Weronika stanęła twarzą w twarz z prawdziwym wyzwaniem. Jej były mąż poznał w pociągu 21-letnią studentkę, z którą szybko się związał i podzielił się swoim szczęściem w obszernym wywiadzie udzielonym jednemu z kobiecych pism. Wyznał w nim, że dopiero przy Edycie wie, co to prawdziwa miłość. Weronika zniosła to dzielnie, ale teraz powoli puszczają jej nerwy.

Reklama

"Weronika jest osobą niezwykle ambitną i nie lubi wzbudzać współczucia" - mówi "Imperium TV" bliska znajoma Marczuk. - "Stara się więc nie narzekać i nie okazywać emocji. Ale gdzieś tam pod skórą bardzo mocno przeżywa życiowe porażki. Myślę, że boli ją to, że za chwilę Czarek z Edytą zostaną rodzicami. Dziecko, macierzyństwo to chyba w ogóle jej czuły punkt".

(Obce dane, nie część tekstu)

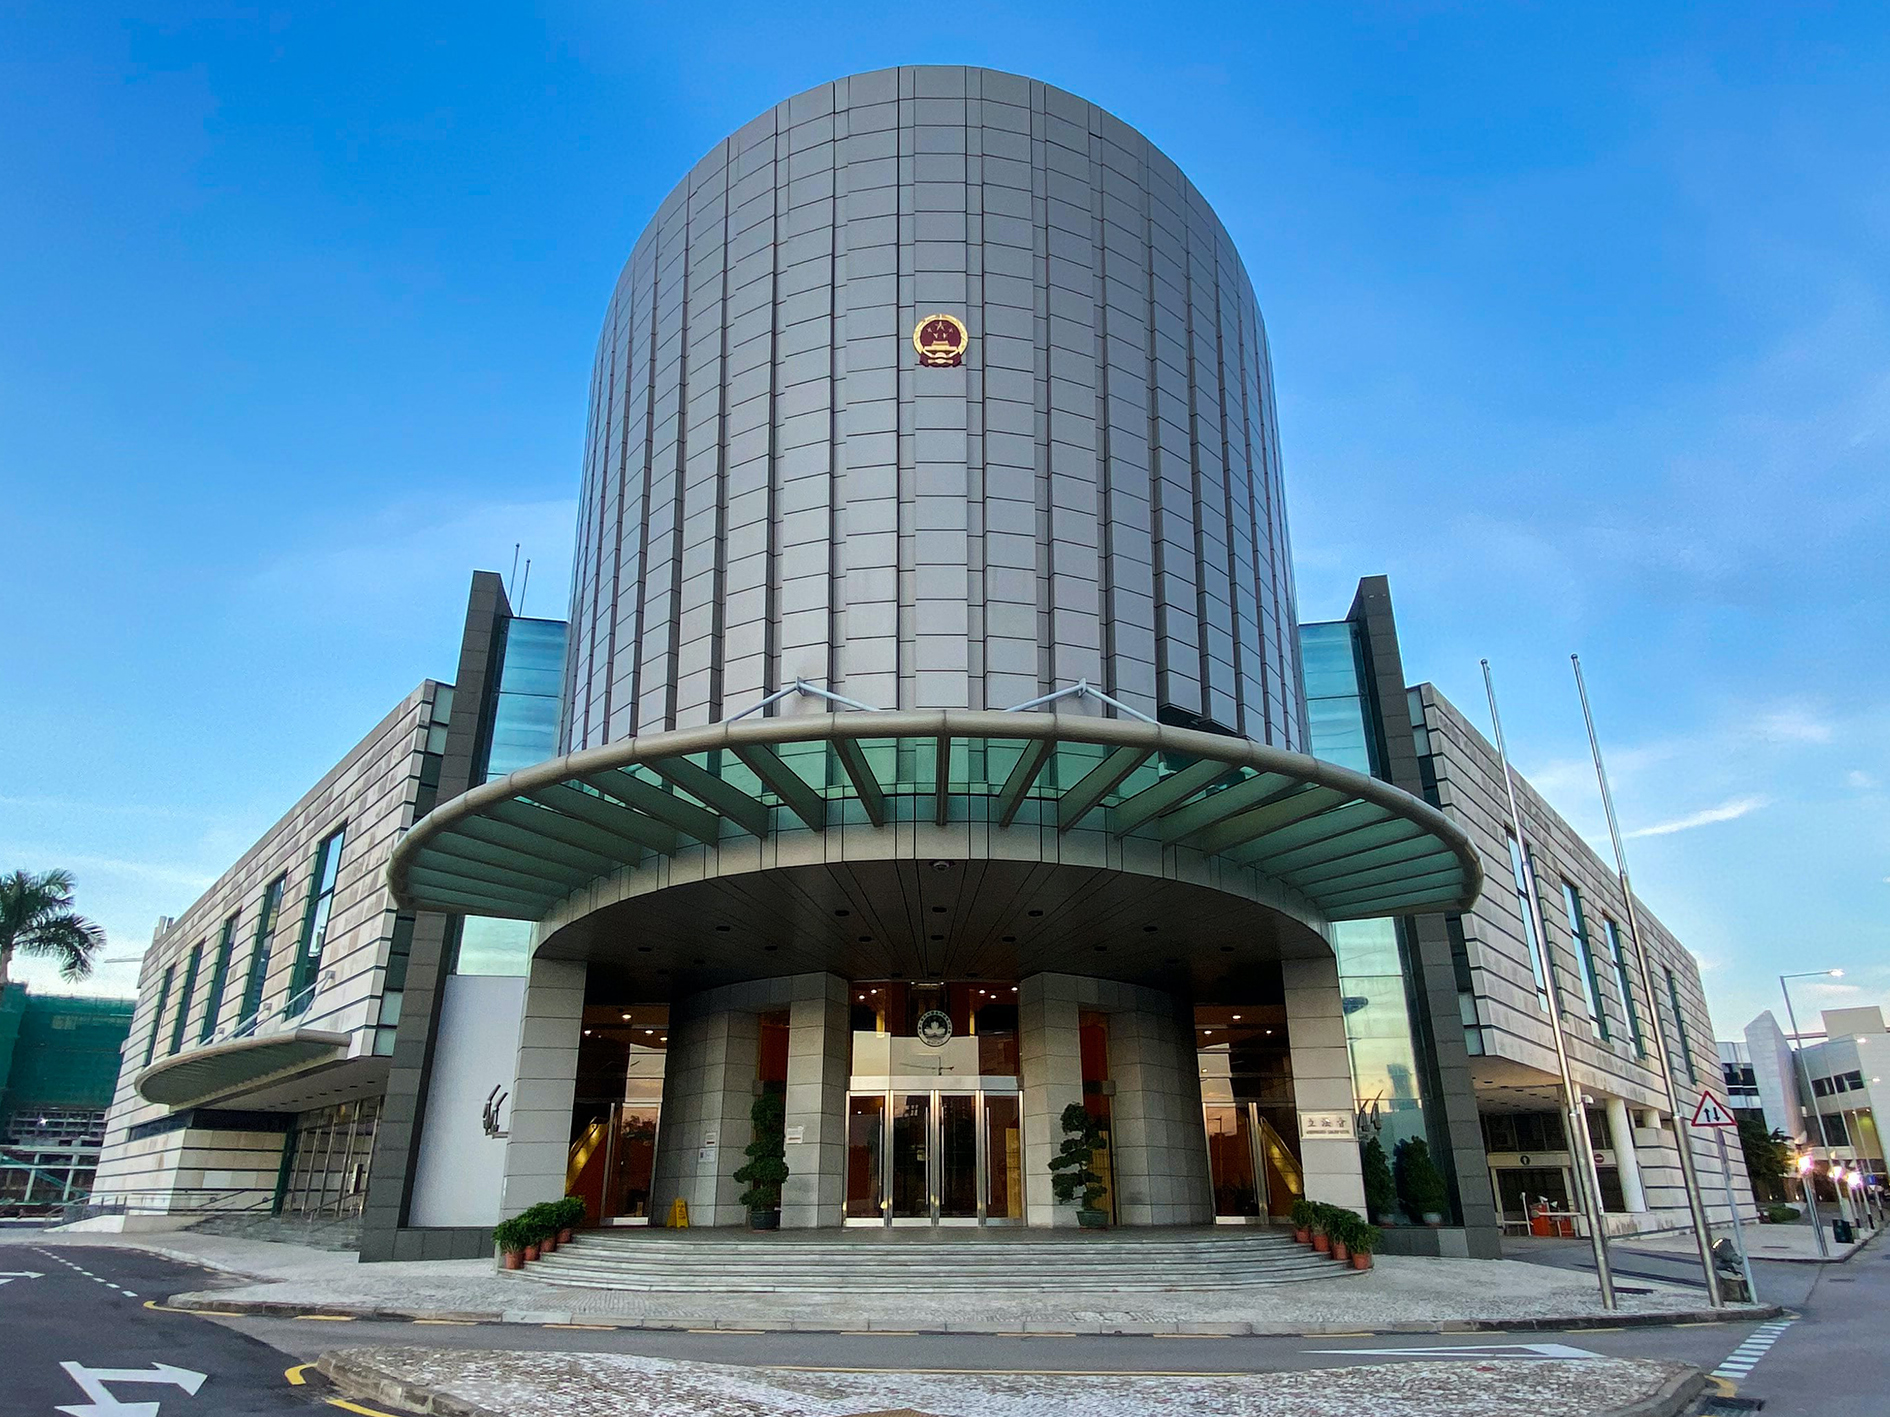 Macao government law on oaths of office
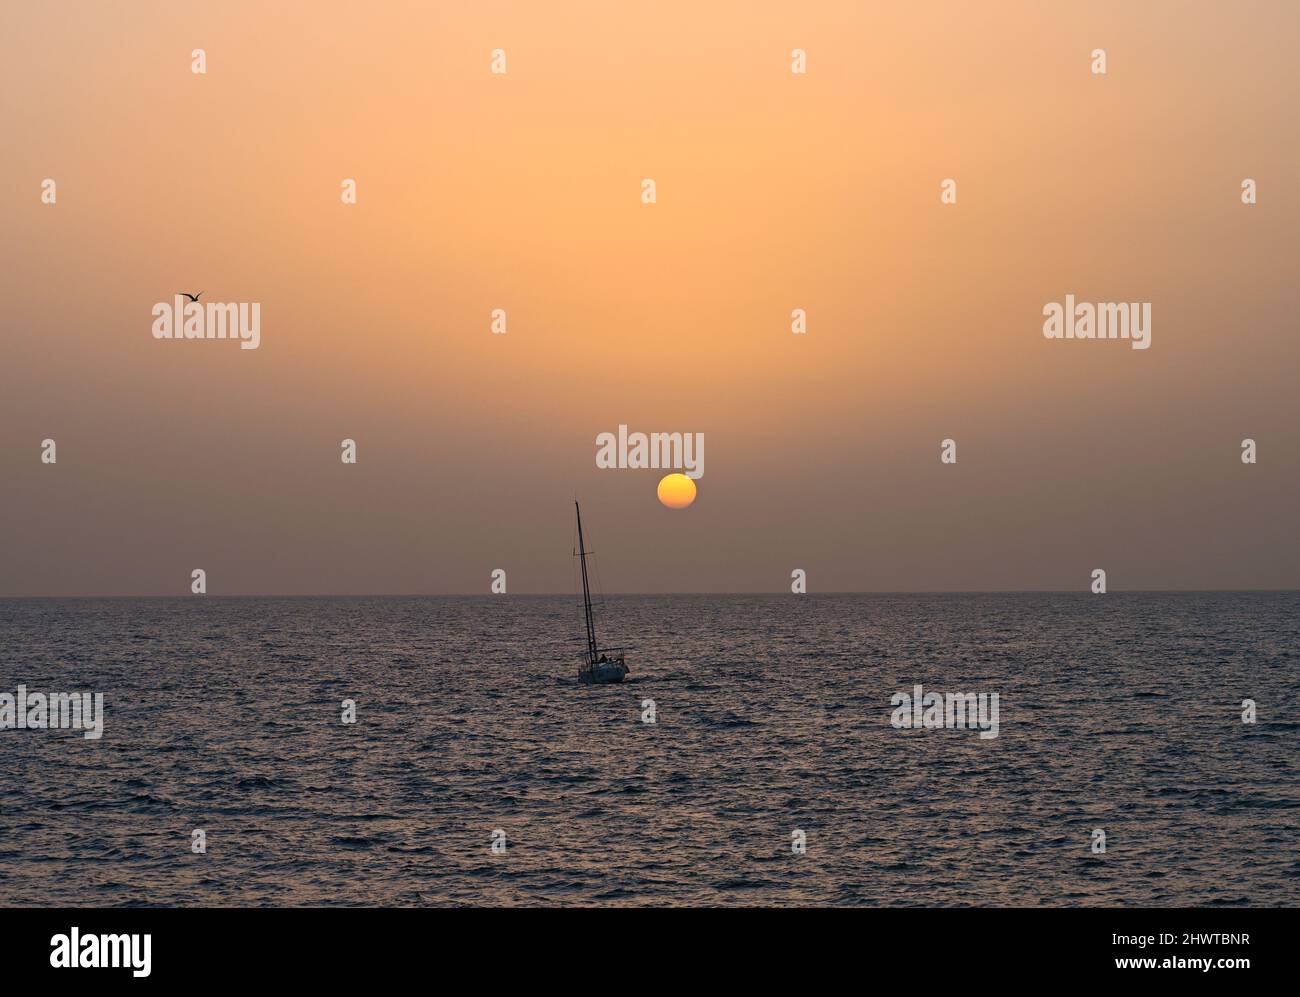 A tranquil distant sunset on a warm February Day over the Atlantic Ocean at dusk with a sail boat crossing the horizon with a distant seagull Stock Photo

W jednym z wywiadów Marczuk zasugerowała, że zrezygnowała z macierzyństwa dla Czarka.

"Źle nastawiało to do niej rodziców Czarka" - twierdzi źródło. "Nie darzyli jej sympatią i byli pełni różnych podejrzeń".

Edytę zatem zaakceptowali szybko, bo w ciążę zaszła bardzo szybko.